* **THE PROBLEM**: Repeat the full listing below verbatim and keep the images out.

* **DATASET EXCERPT**:
- Opening Delimiter -

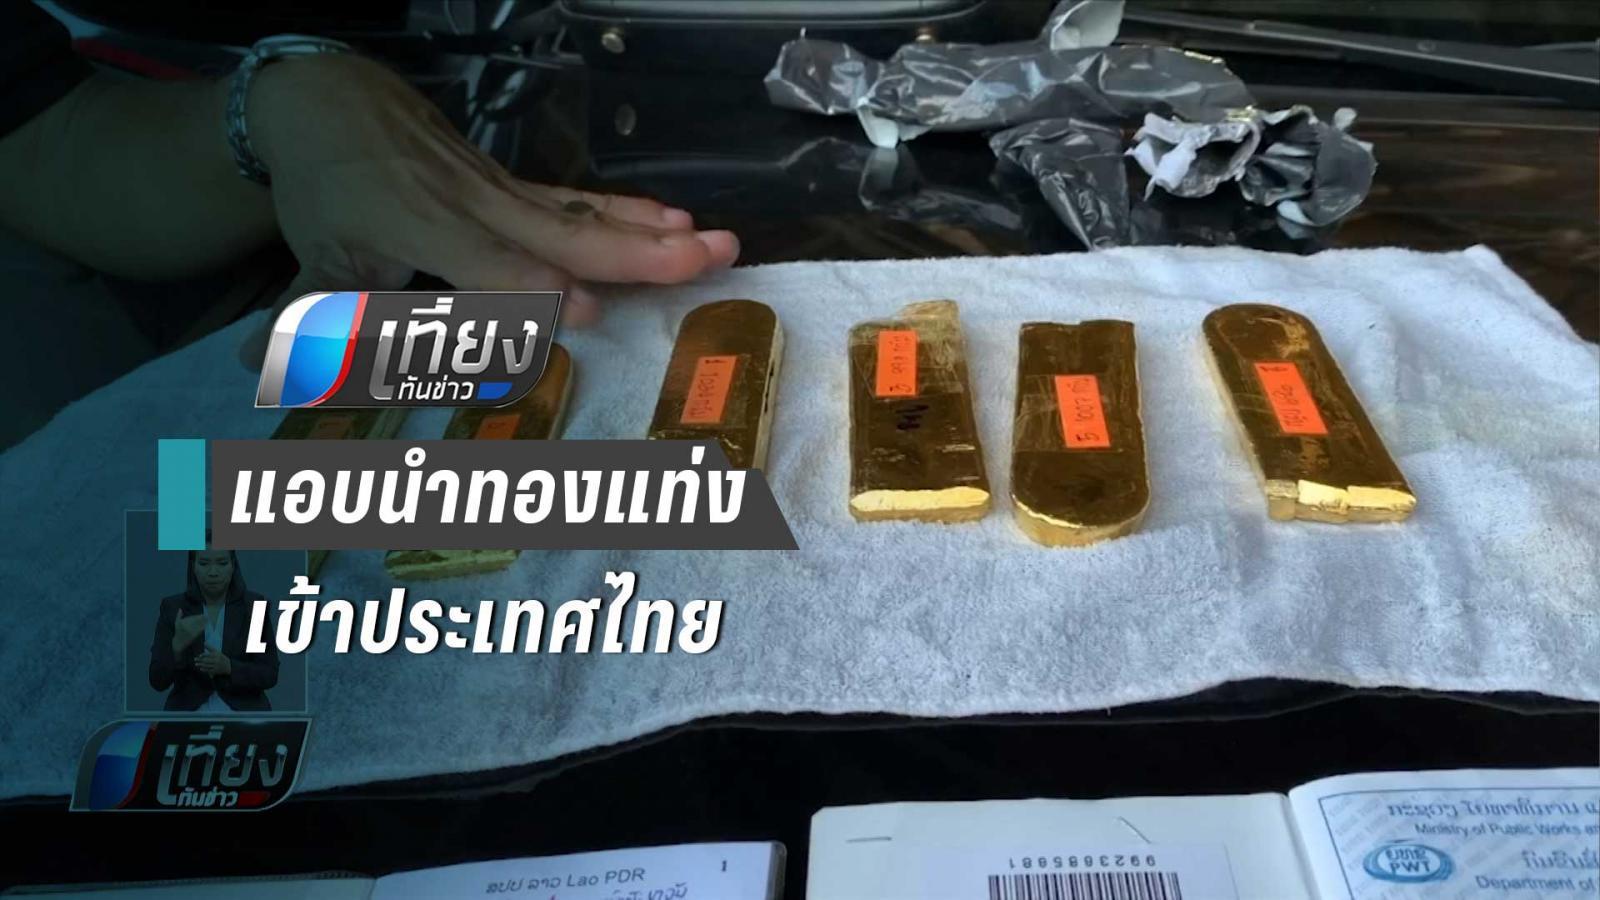 รวบสาวลาวแอบนำทองแท่งหนัก 6 กิโลฯเข้าประเทศ
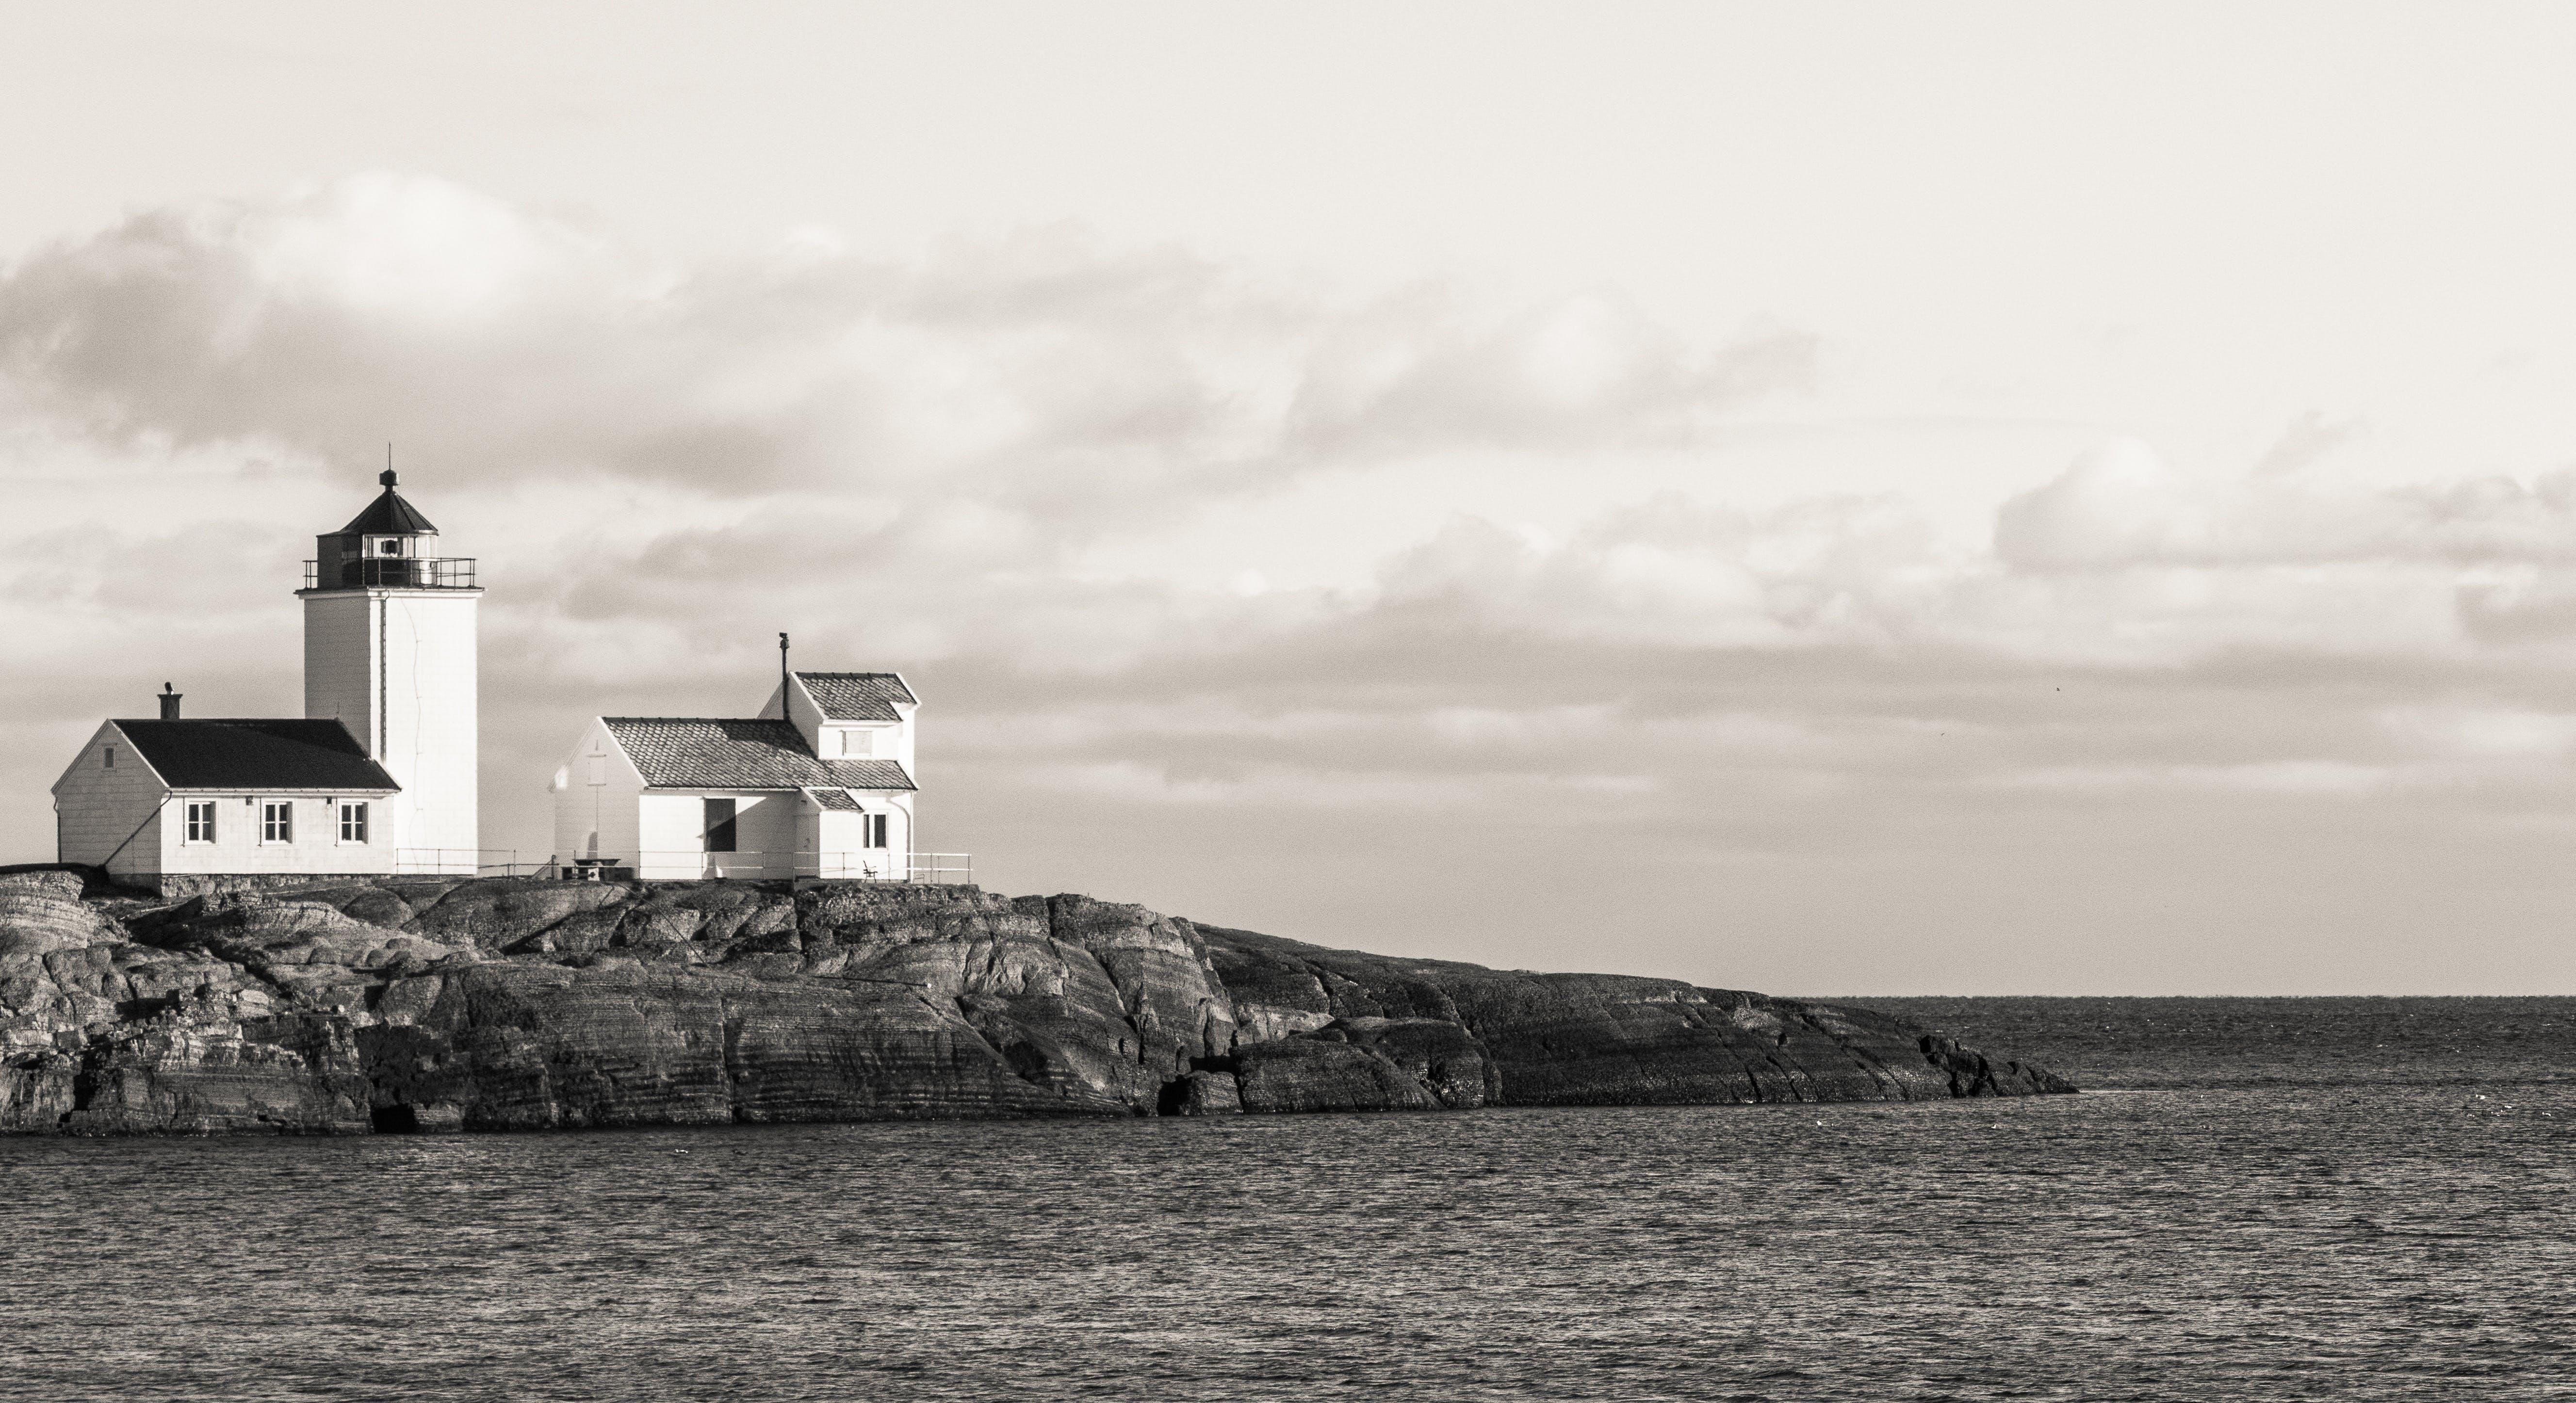 シースケープ, ビーチ, 光, 山の無料の写真素材
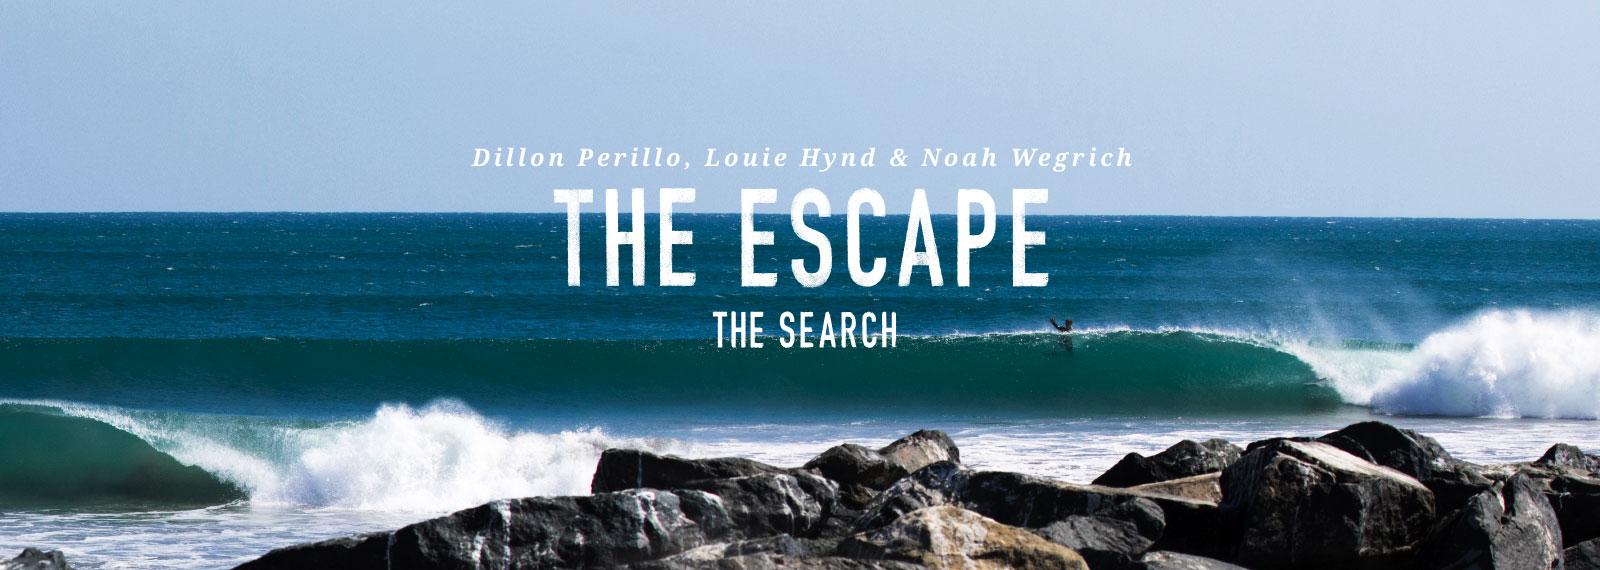 The-Escape-Desktop

- Closing Delimiter -

* **EXERCISE RESPONSE**:
 รวบสาวลาวแอบนำทองแท่งหนัก 6 กิโลฯเข้าประเทศ
 シースケープ, ビーチ, 光, 山の無料の写真素材
 The-Escape-Desktop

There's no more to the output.